The goal of our new stand-alone batch debugger CMDebug is to run CMD.EXE batch files with as close to 100% compatibility as possible. I asked users to send me any CMD batch files they had found that didn’t work correctly in TCC.

A user sent a Microsoft batch file that failed to run in TCC (and exposed a couple of previously-unknown-to-me bugs (unfeatures?) in CMD.EXE).

The first one was in the way they called the internal SET command. For unknown reasons, the developer elected to always double quote the SET arguments, i.e.:

set "var1=insertyourvaluehere"

Now, although this was pointless, TCC (and CMDebug) didn’t have any problem parsing the command.

Are there cases where you would enclose everything in double quotes? Yes — for example:

set "var1=inserting>funny|characters&here"

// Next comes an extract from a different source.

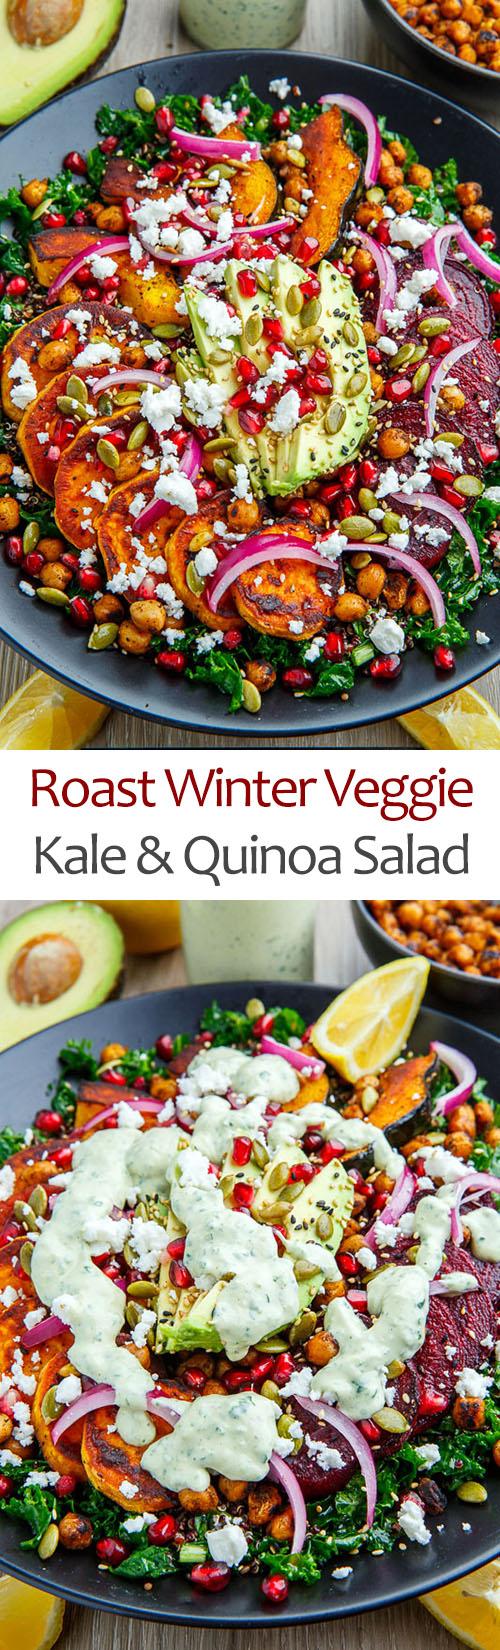 Roast Acorn Squash, Sweet Potato and Beet Kale and Quinoa Salad with Avocado, Feta and Pomegranate in a Cilantro Lemon Tahini Dressing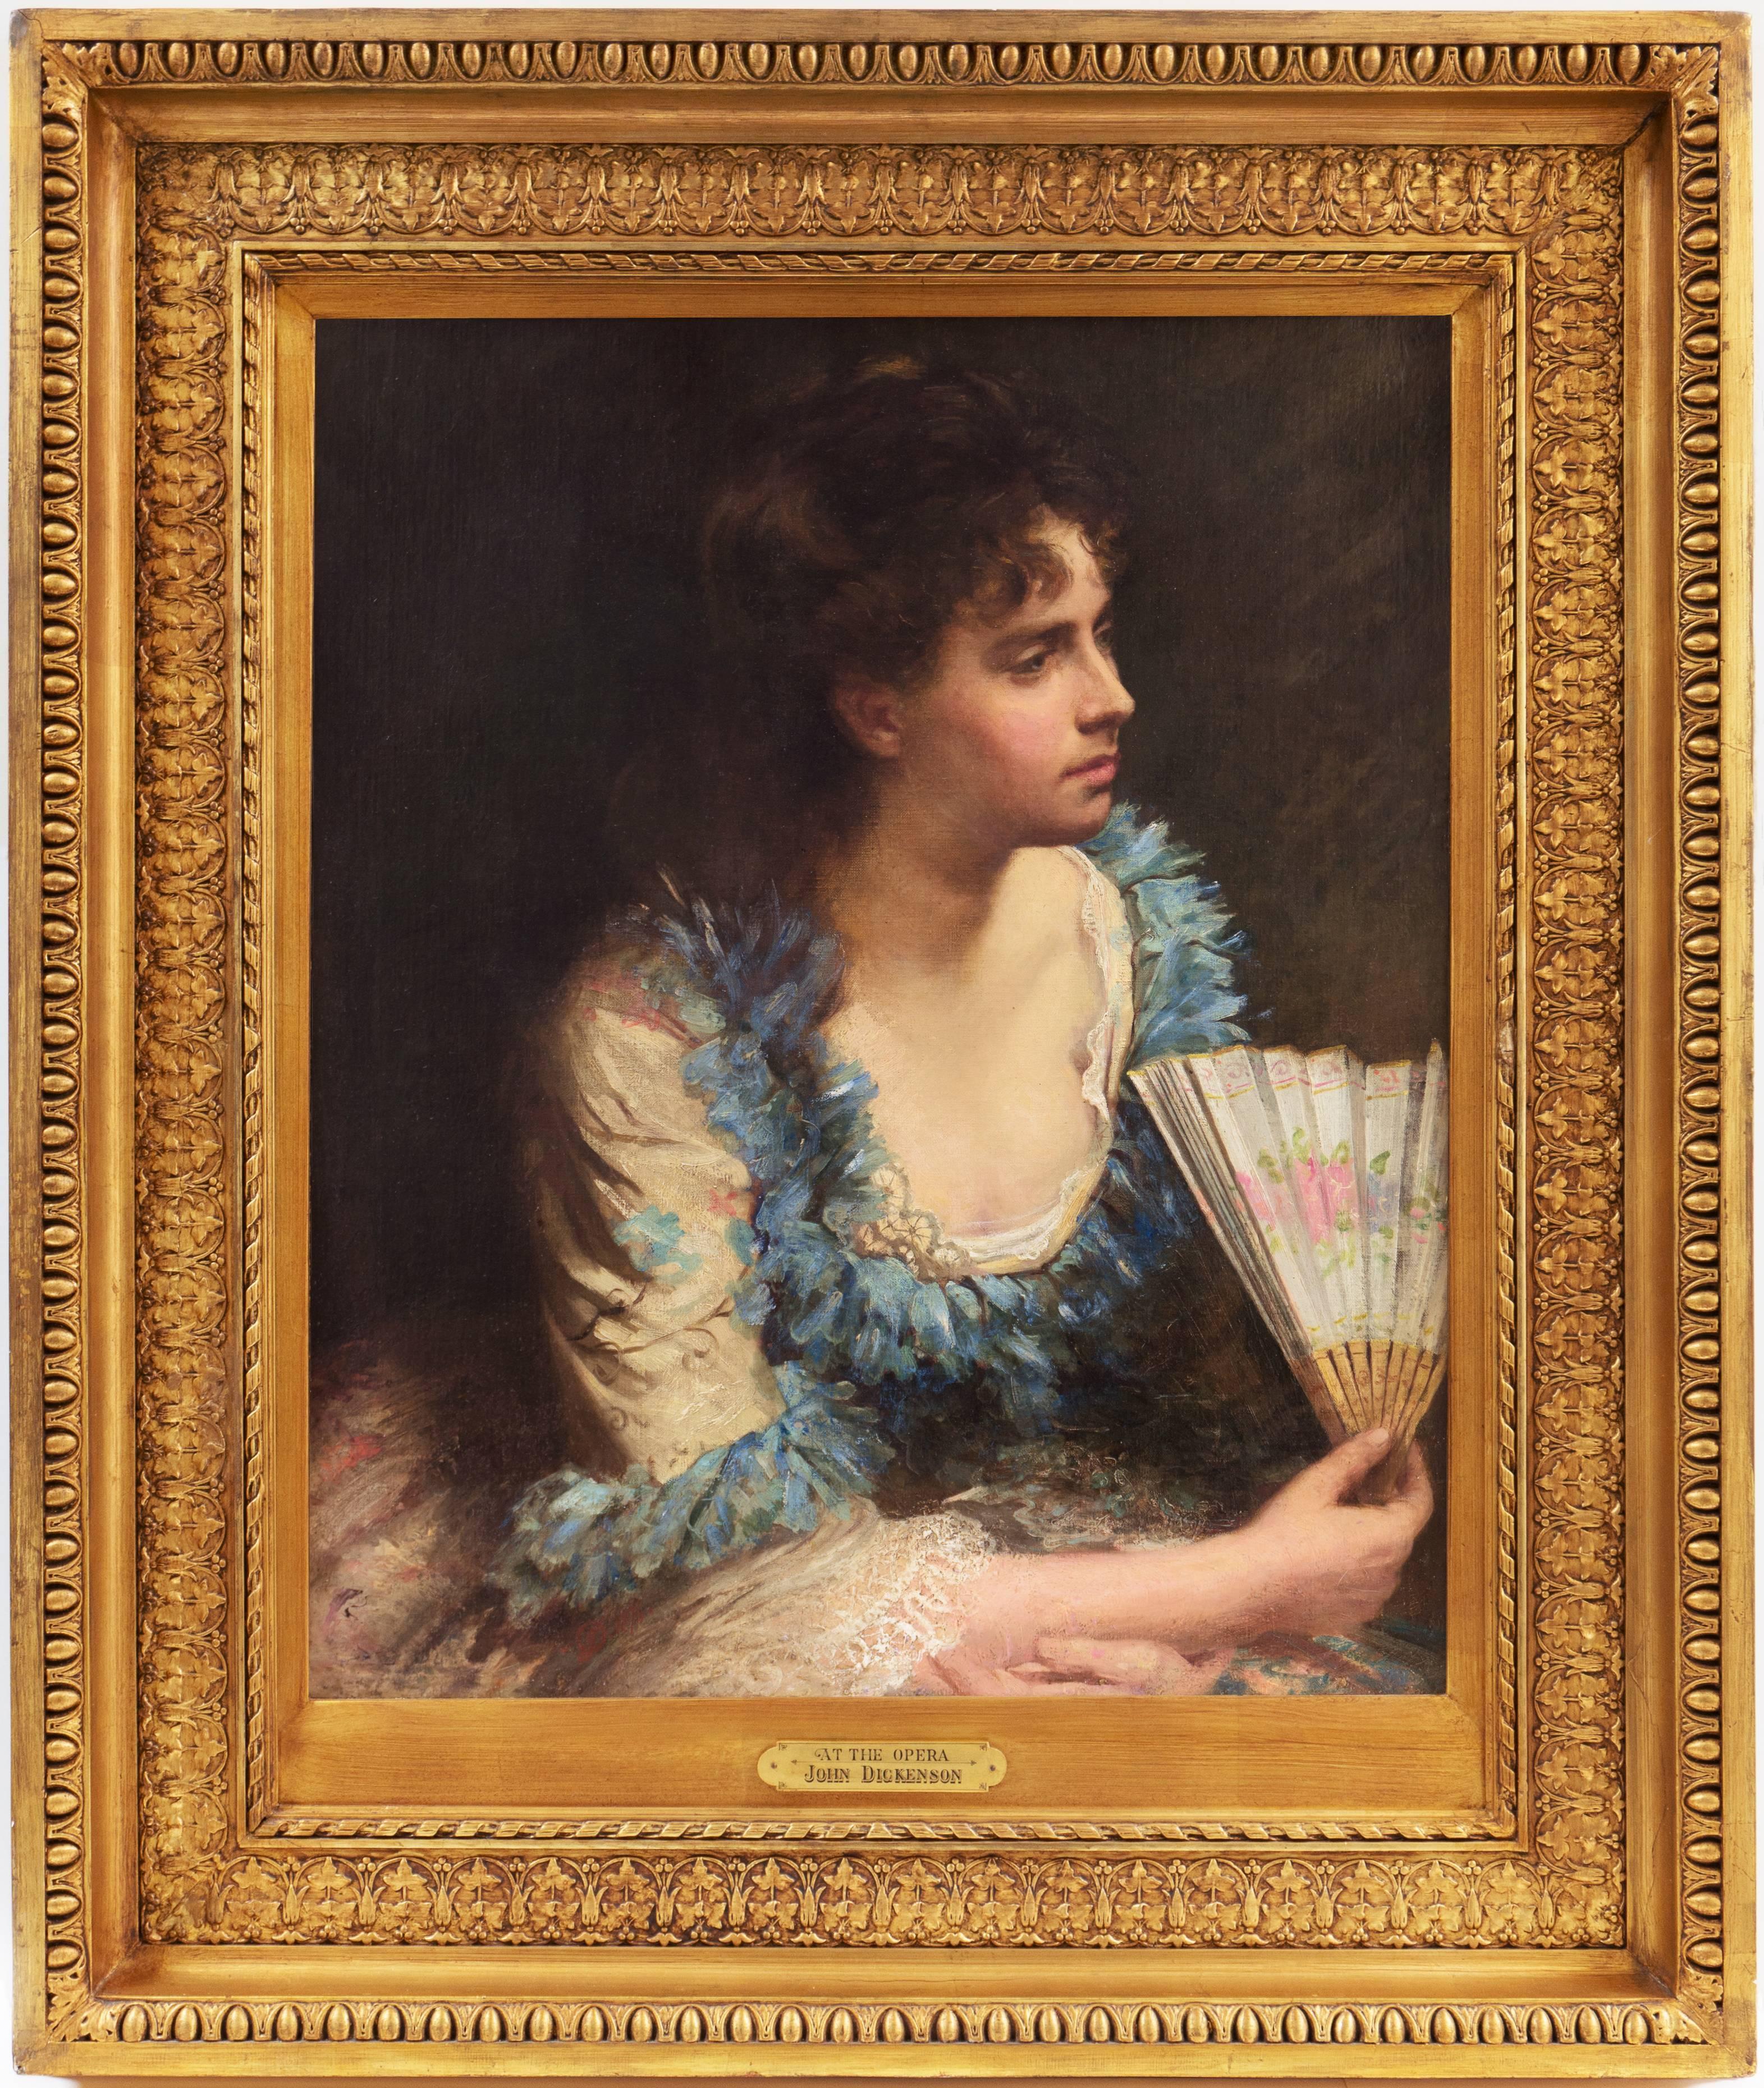 'At the Opera, New York', Beaux Arts Oil, London Royal Academy, Munich, NAD

If you want to use something like command separator or redirection characters, you have to quote (or escape) them to prevent the command processor from interpreting them as a special character. But in the case of this batch file, there were never any special characters in the value that required double quoting.

So, if TCC handles the double quotes, what was the problem? The developer also had some statements that looked like this:

set "var1=somevalue"andmoretexthere

TCC assumed that “andmoretexthere” should be appended to the value of var1. But what CMD.EXE actually does is ignore everything after the closing double quote, turning the line into:

var1=somevalue

This was unexpected to me (and undocumented). And f it was going to be thrown away, why did the batch file author include it? It’s not even a case of CMD looking for matching quotes – for example:

set "var1=some"value"here"and"more"here

results in:

var1=some"value"here"and"more

So CMD looks for a double quote before the variable name, and if it finds one it looks for the *last* double quote on the line and throws away everything following it. Why? Who knows? Why did the developer of this batch file add that extra text following the last quote? A typo? Excessive insider cleverness?? I have no idea.

I’ve added a kludge for this to TCC, though unless you quote the entire SET statement, you’ll never run into it.

In the next article, I’ll talk about the other issue in this batch file: a curious use of the CMD variable substitution syntax, and the CMD bug that the batch file author kludged around in a surprising (at least to TCC!) way.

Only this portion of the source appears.